> **INFORMATION**
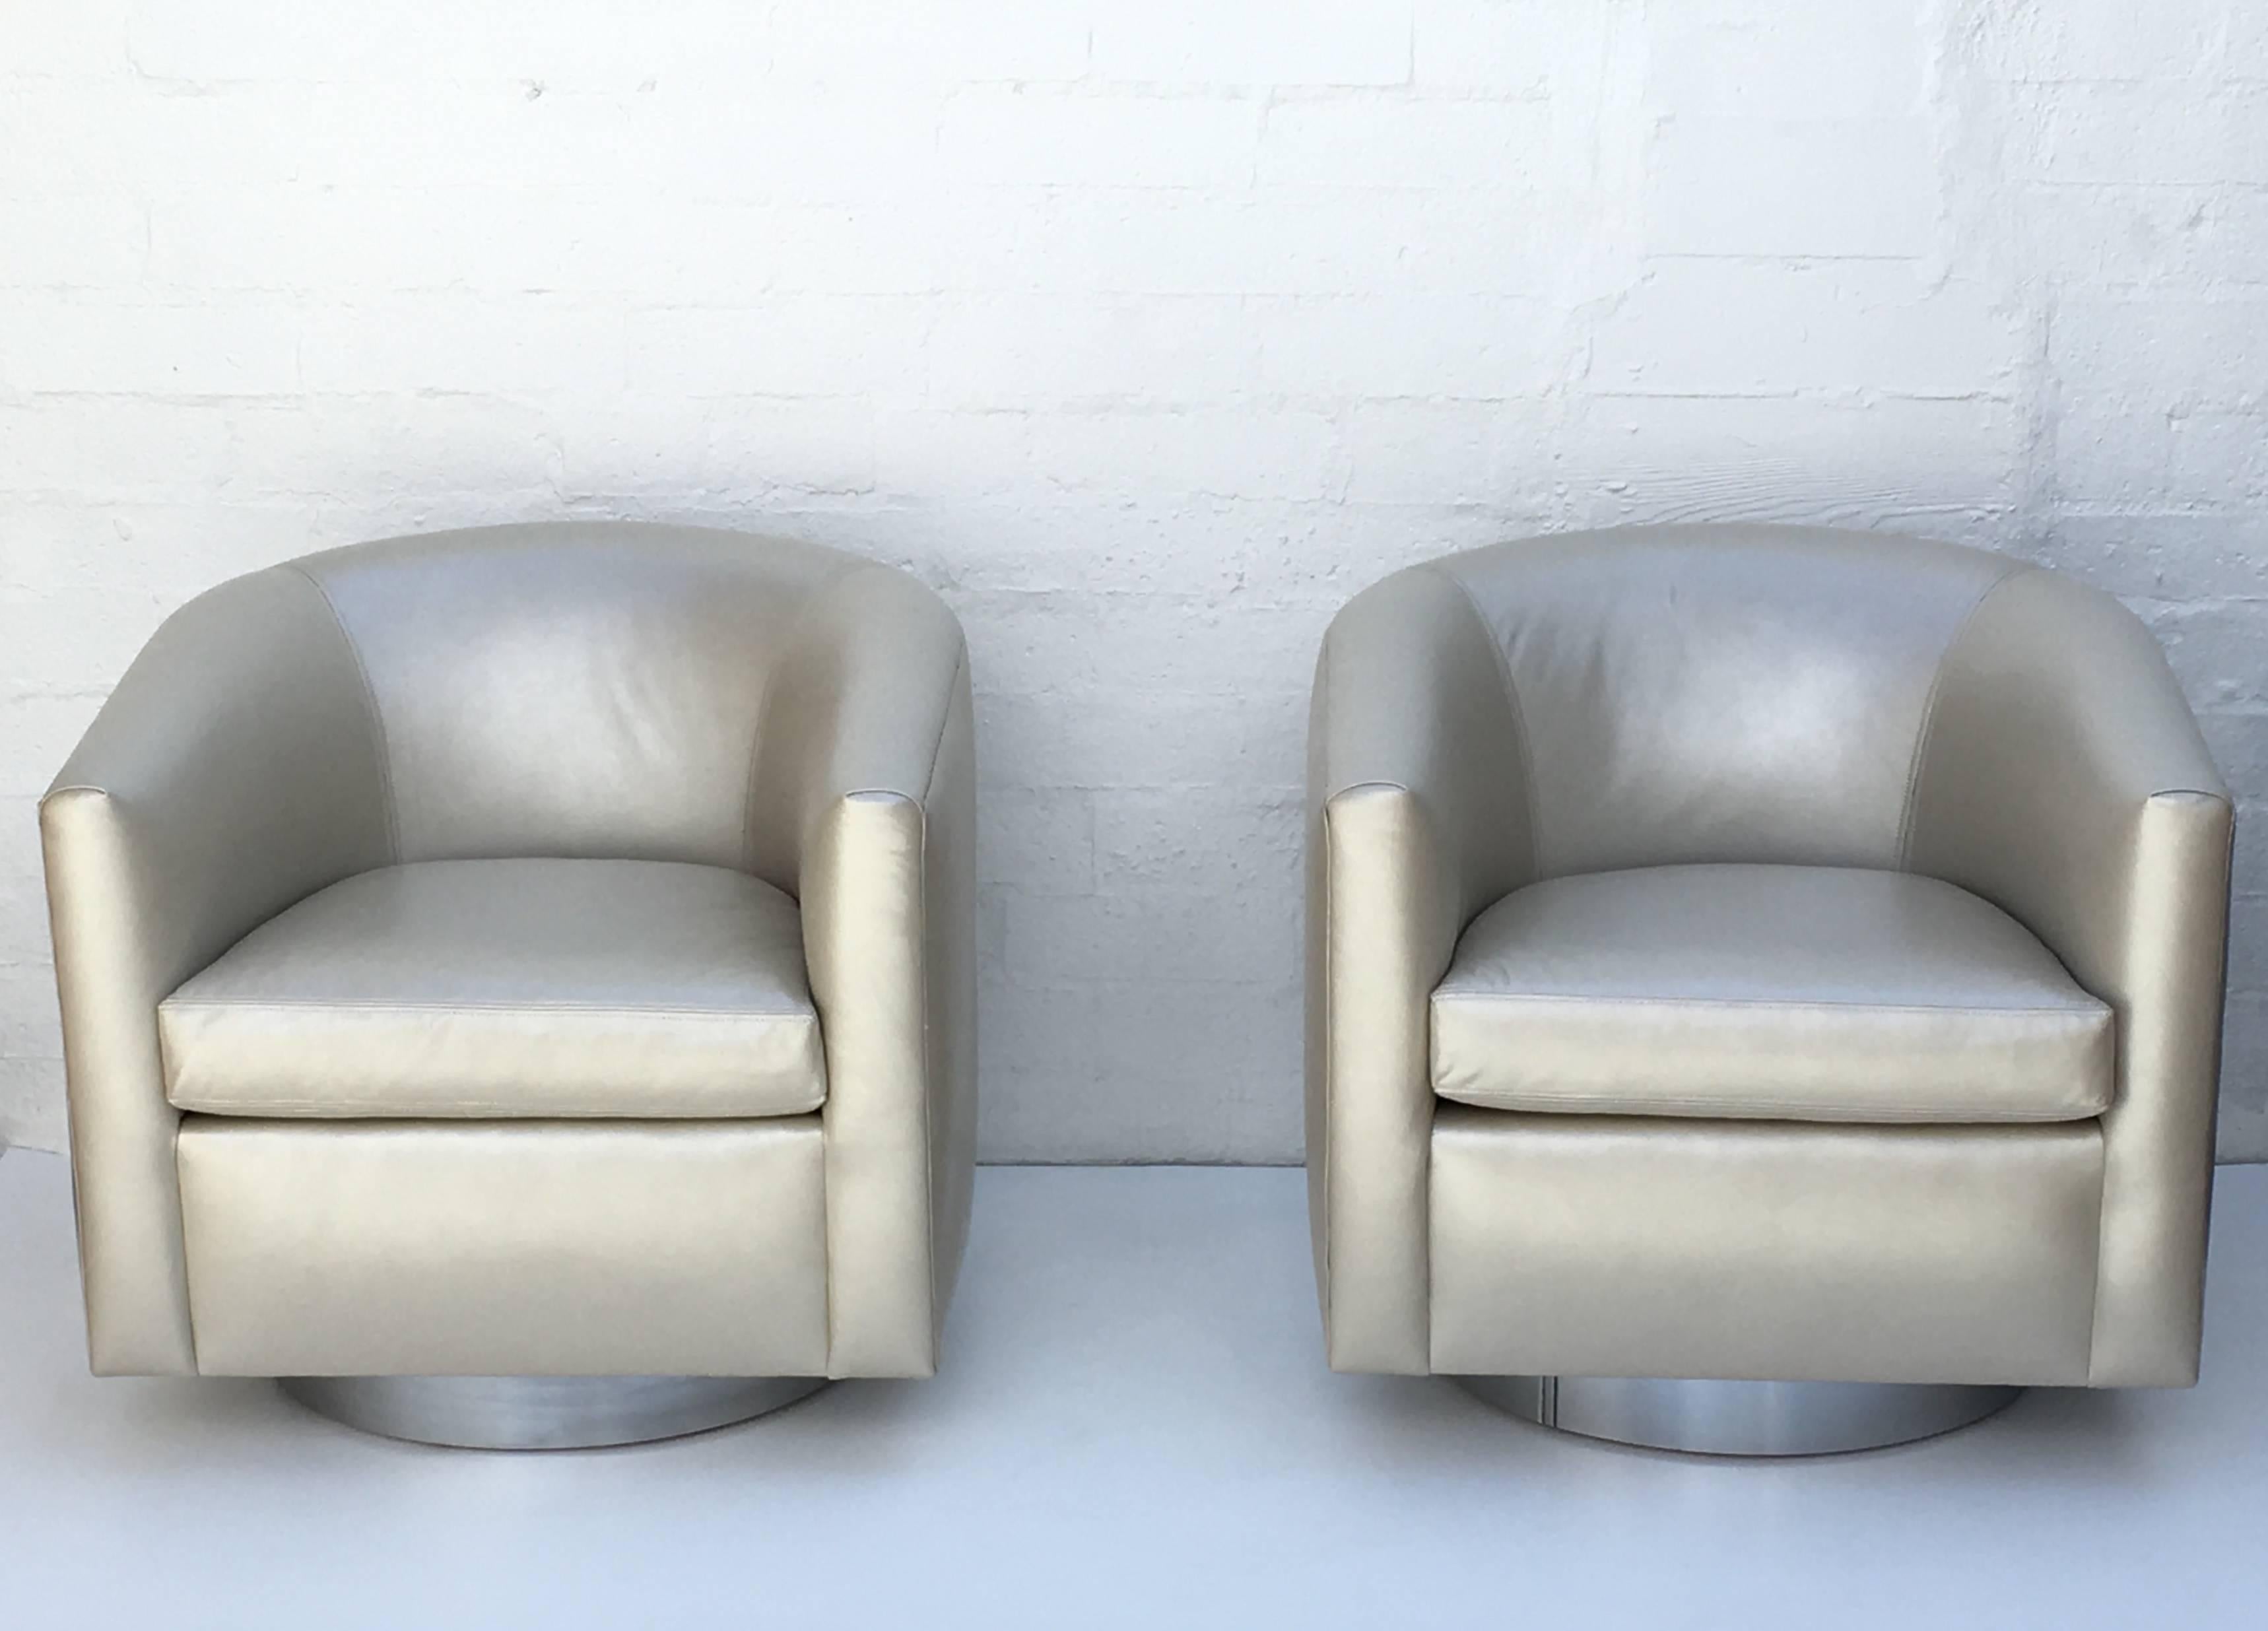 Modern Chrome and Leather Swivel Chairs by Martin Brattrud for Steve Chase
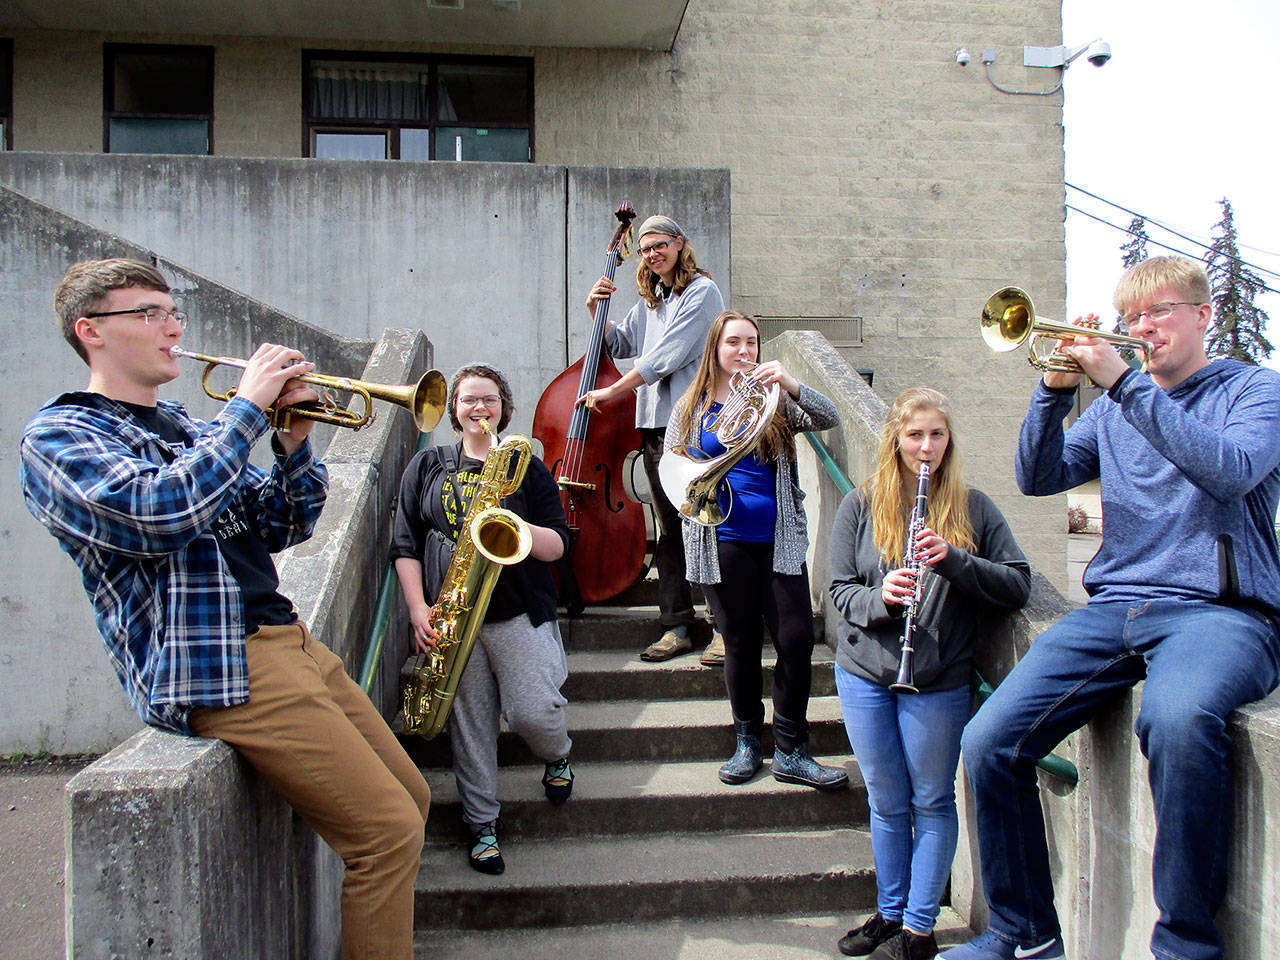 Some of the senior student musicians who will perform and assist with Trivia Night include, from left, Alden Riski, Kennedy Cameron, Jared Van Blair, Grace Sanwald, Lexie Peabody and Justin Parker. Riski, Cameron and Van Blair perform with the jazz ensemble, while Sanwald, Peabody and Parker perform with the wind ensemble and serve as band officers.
* * *
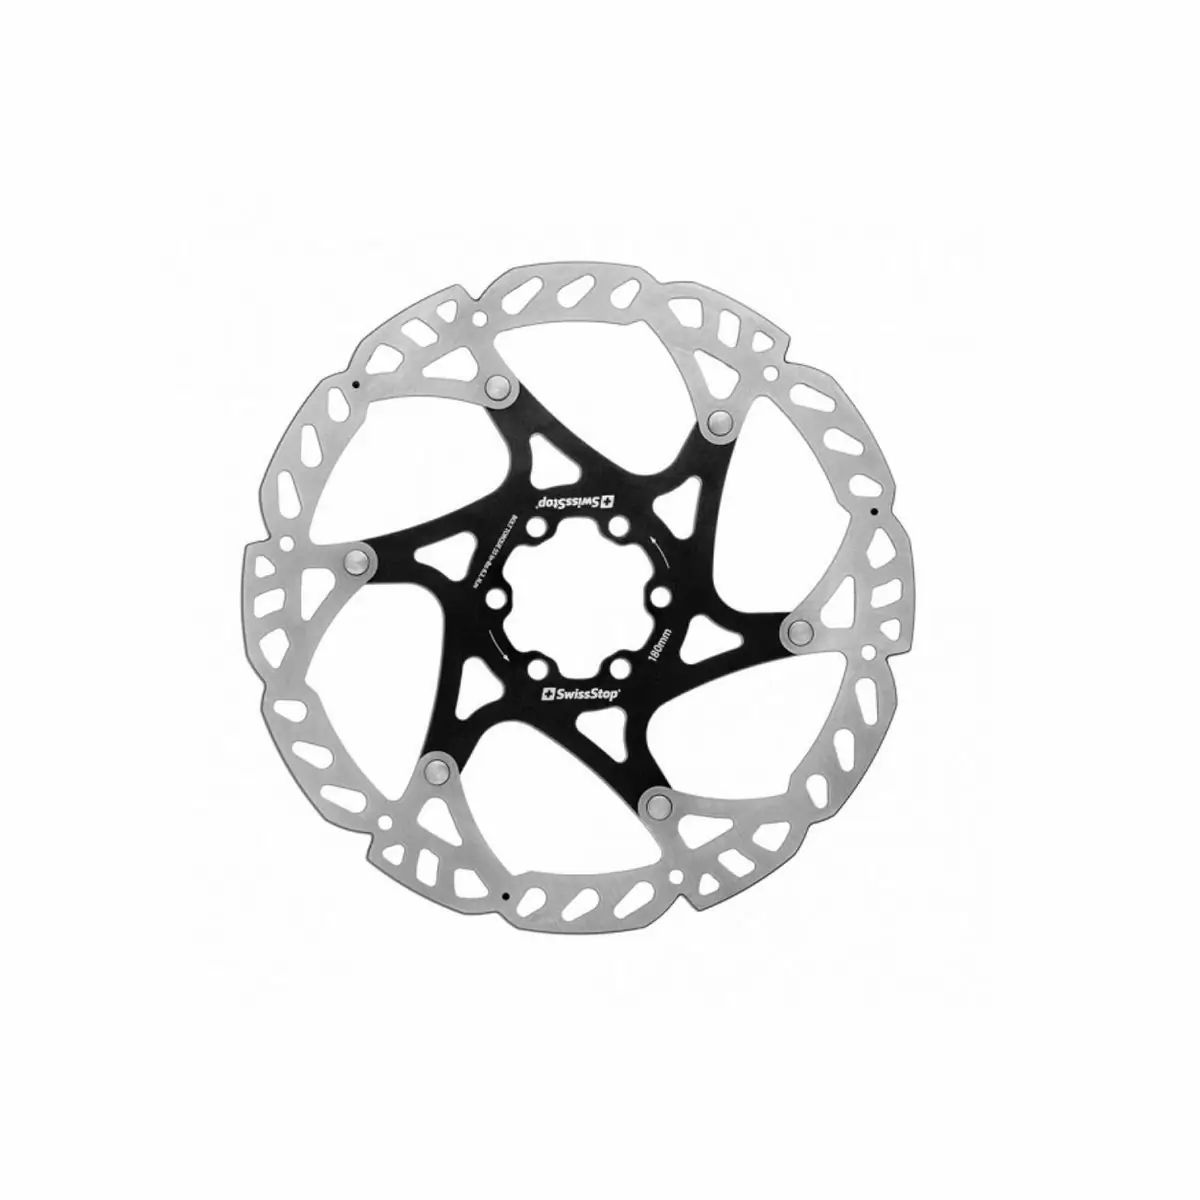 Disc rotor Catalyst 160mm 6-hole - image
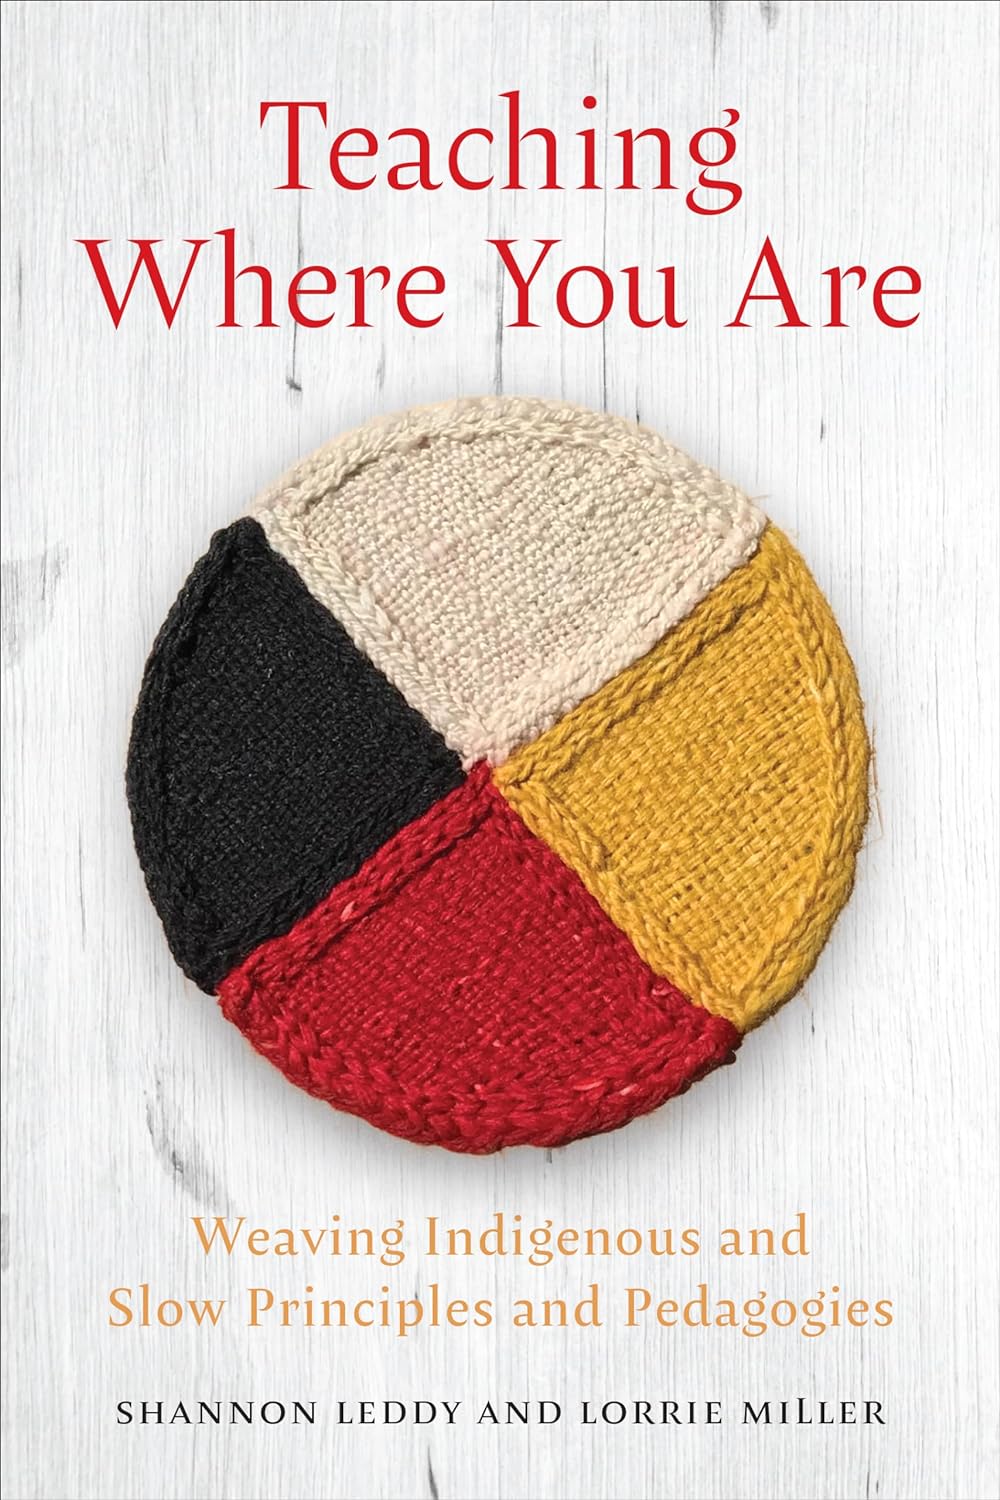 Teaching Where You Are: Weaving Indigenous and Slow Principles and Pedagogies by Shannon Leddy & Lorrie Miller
* * *
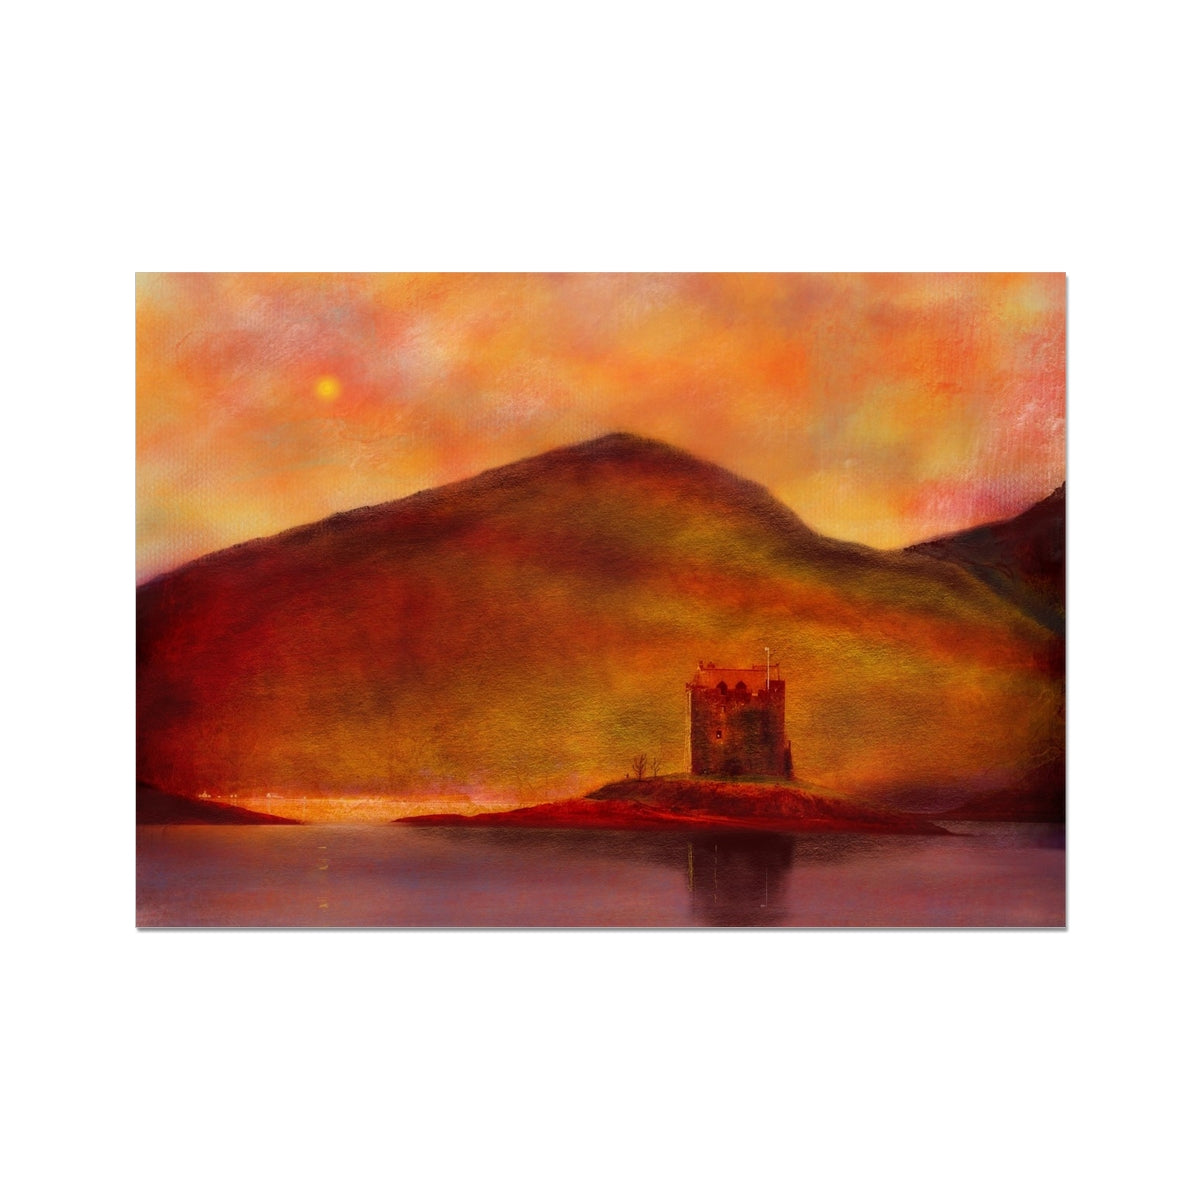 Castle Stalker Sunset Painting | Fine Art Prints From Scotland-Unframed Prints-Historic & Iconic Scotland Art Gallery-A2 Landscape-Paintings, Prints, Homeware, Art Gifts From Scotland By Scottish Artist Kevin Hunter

> **WHAT THE TASK ASKS**
Your copy should hold the lines from the one with "Modern Chrome and" up to and including the one with "Some of the", exactly as in the data above, and no pictures.

> **TASK RESULT**
 Modern Chrome and Leather Swivel Chairs by Martin Brattrud for Steve Chase
 Some of the senior student musicians who will perform and assist with Trivia Night include, from left, Alden Riski, Kennedy Cameron, Jared Van Blair, Grace Sanwald, Lexie Peabody and Justin Parker. Riski, Cameron and Van Blair perform with the jazz ensemble, while Sanwald, Peabody and Parker perform with the wind ensemble and serve as band officers.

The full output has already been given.